Dataset extract:
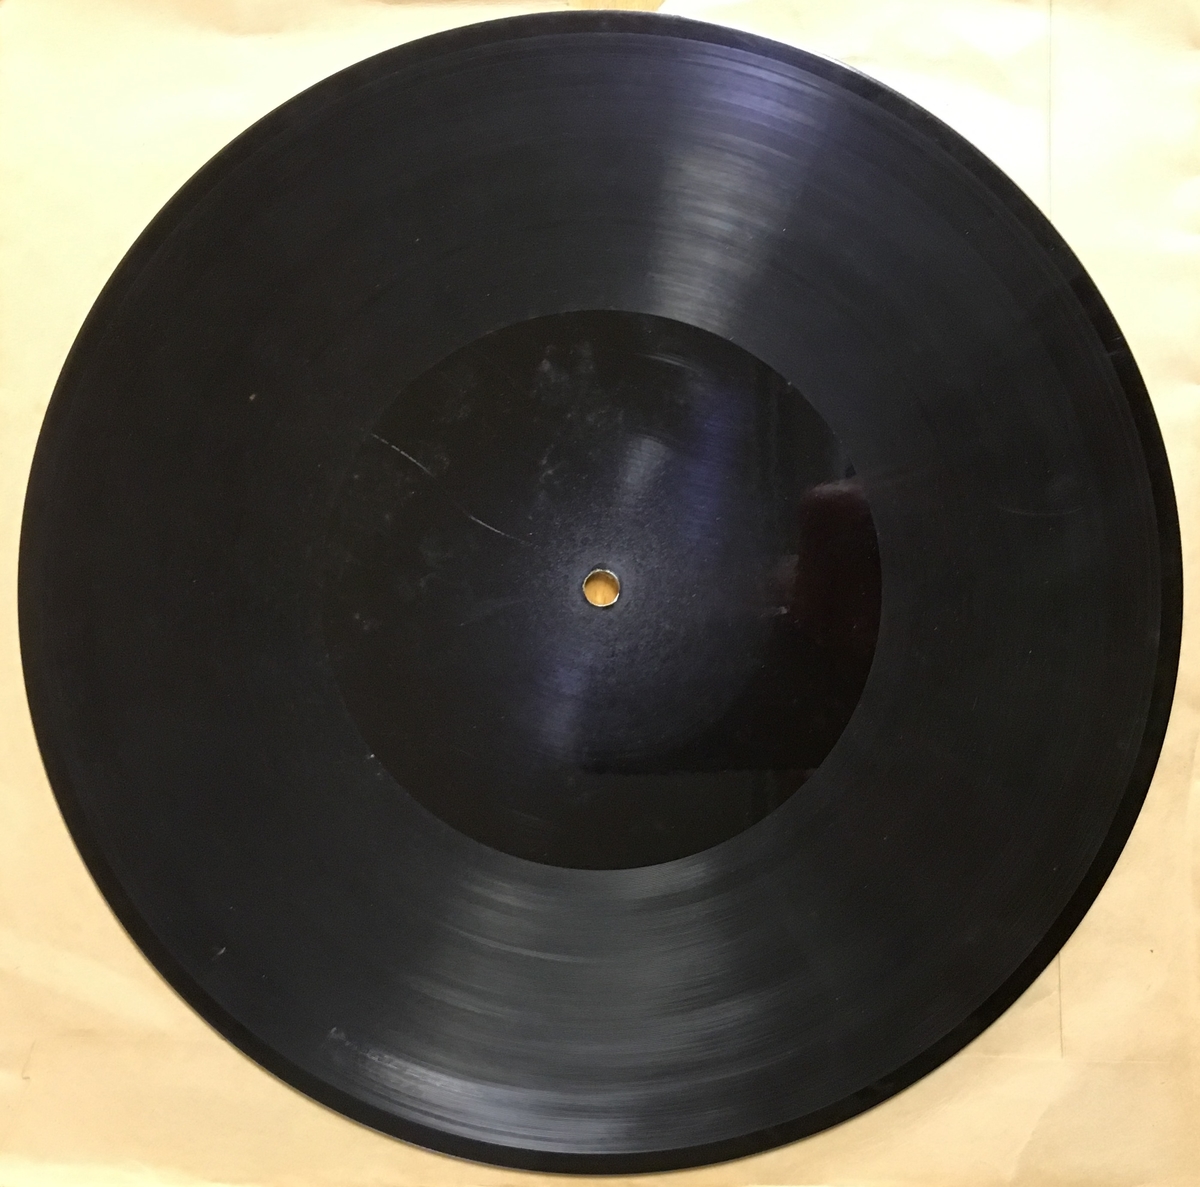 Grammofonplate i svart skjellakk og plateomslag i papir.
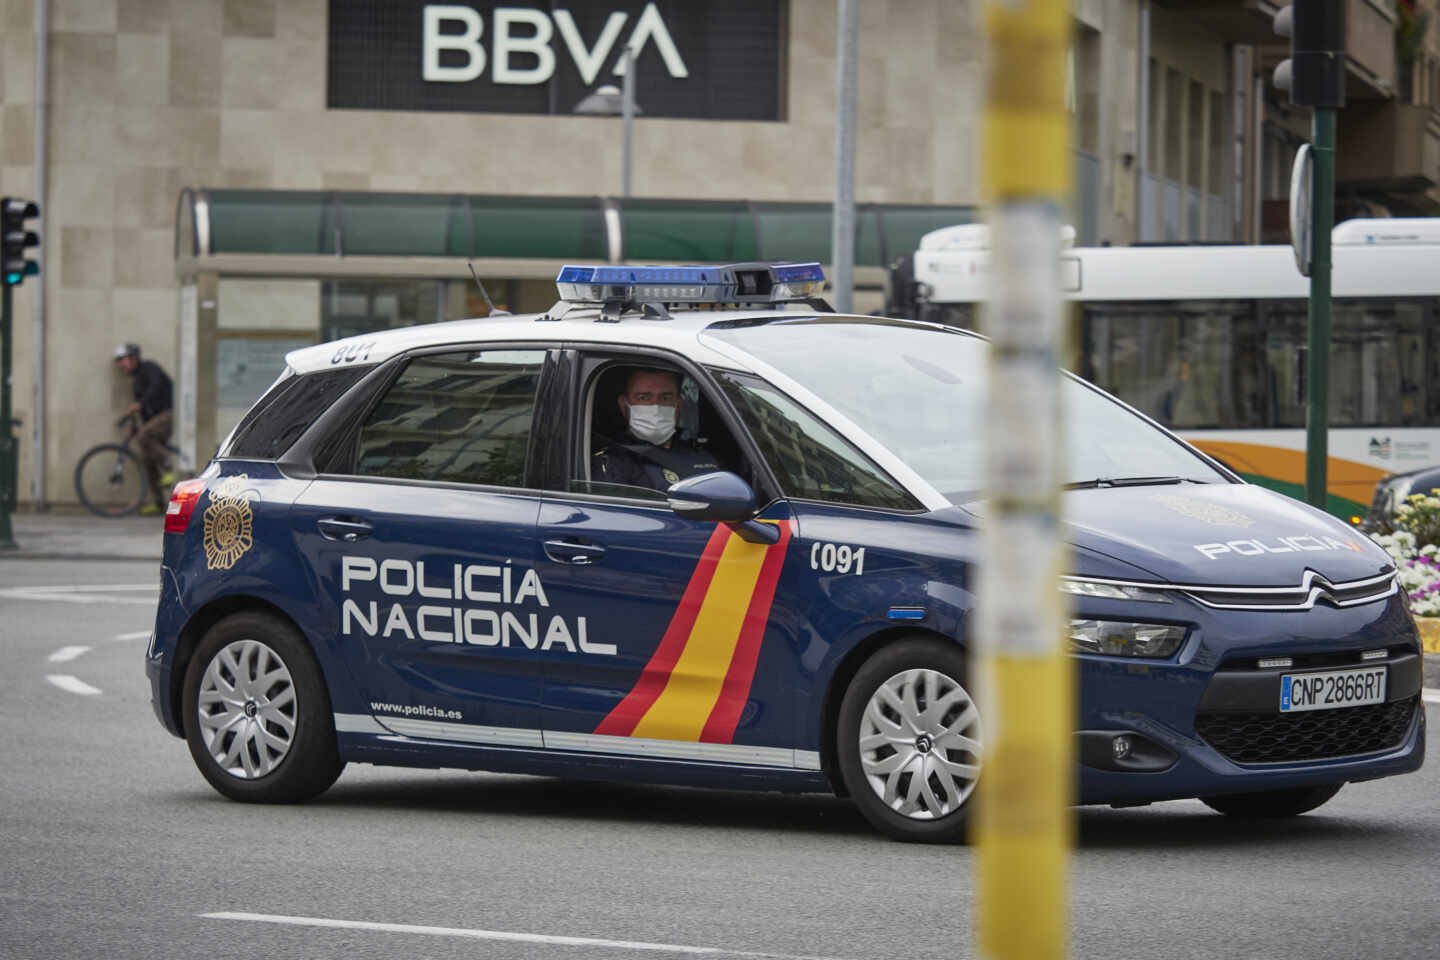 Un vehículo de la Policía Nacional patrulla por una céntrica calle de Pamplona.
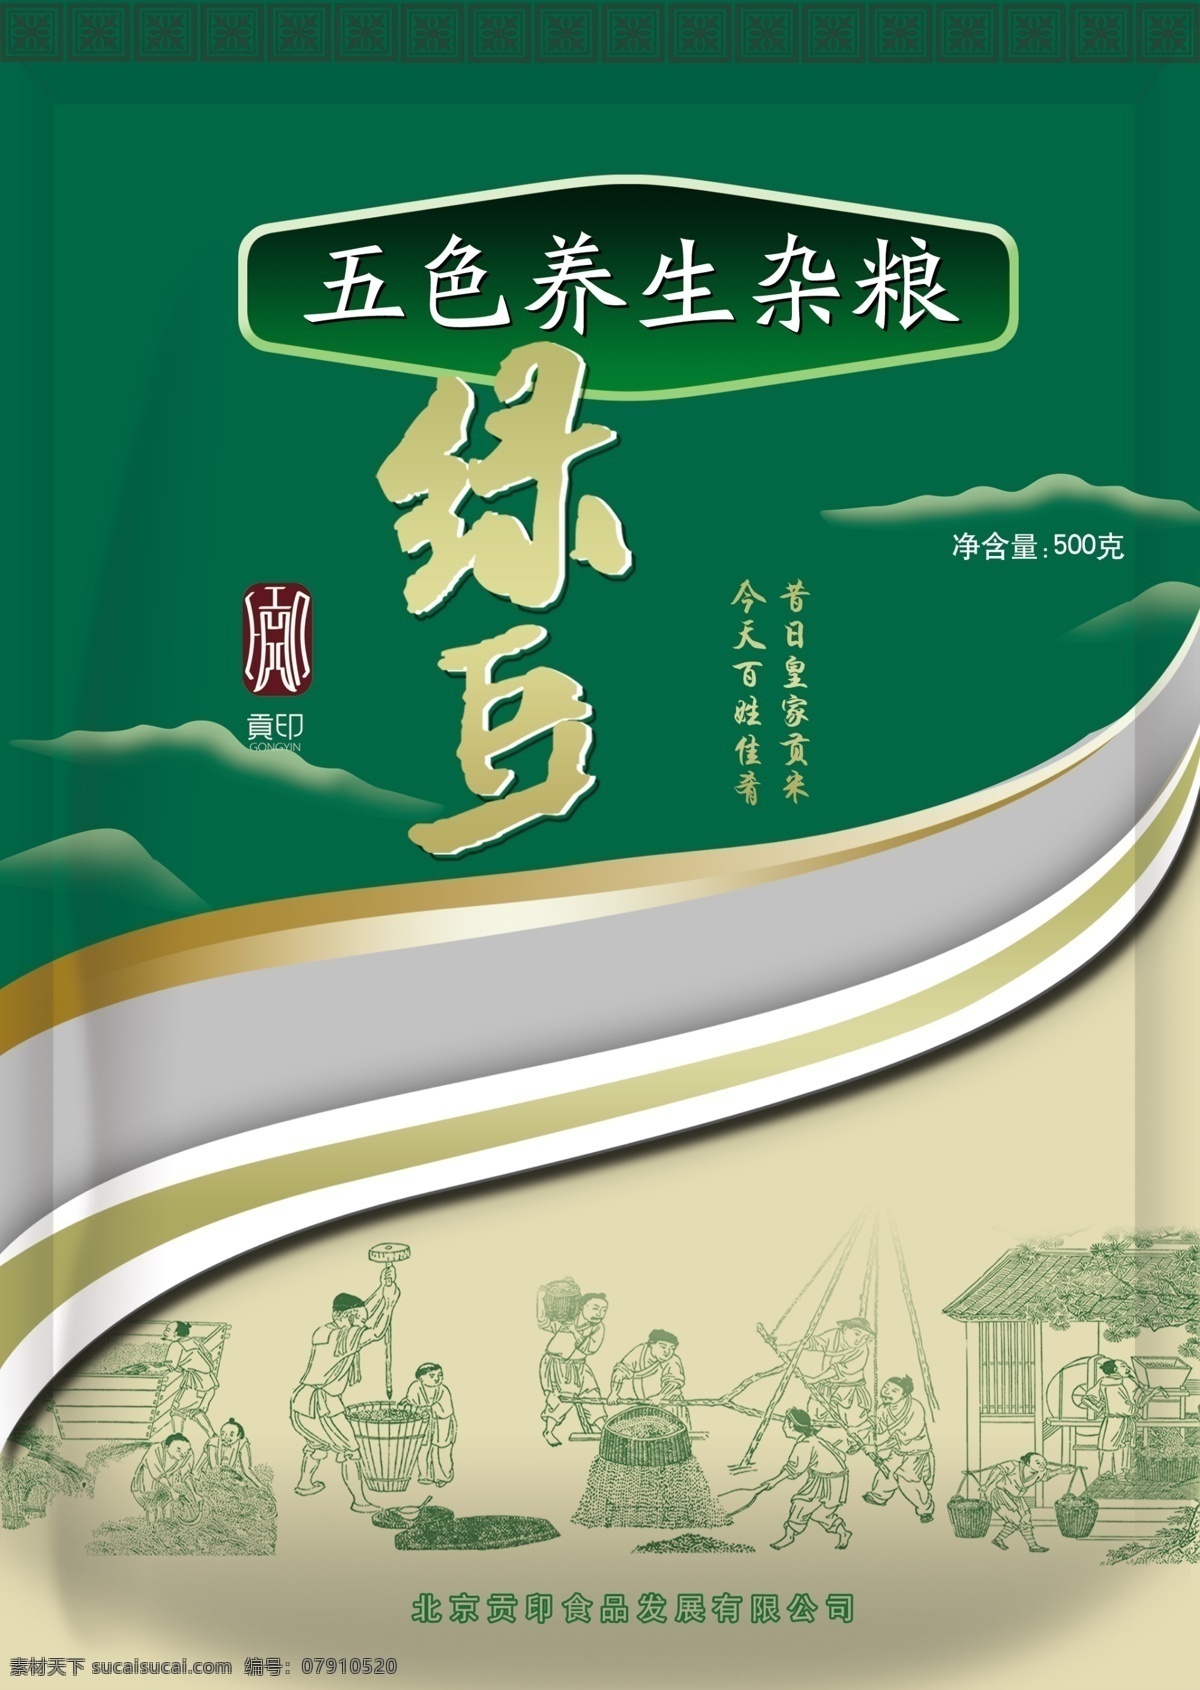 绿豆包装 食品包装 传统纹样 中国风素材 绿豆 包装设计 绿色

Exercise: Give the listing again word for word, but drop every picture.

Completed exercise:
 Grammofonplate i svart skjellakk og plateomslag i papir.
 Un vehículo de la Policía Nacional patrulla por una céntrica calle de Pamplona.
 绿豆包装 食品包装 传统纹样 中国风素材 绿豆 包装设计 绿色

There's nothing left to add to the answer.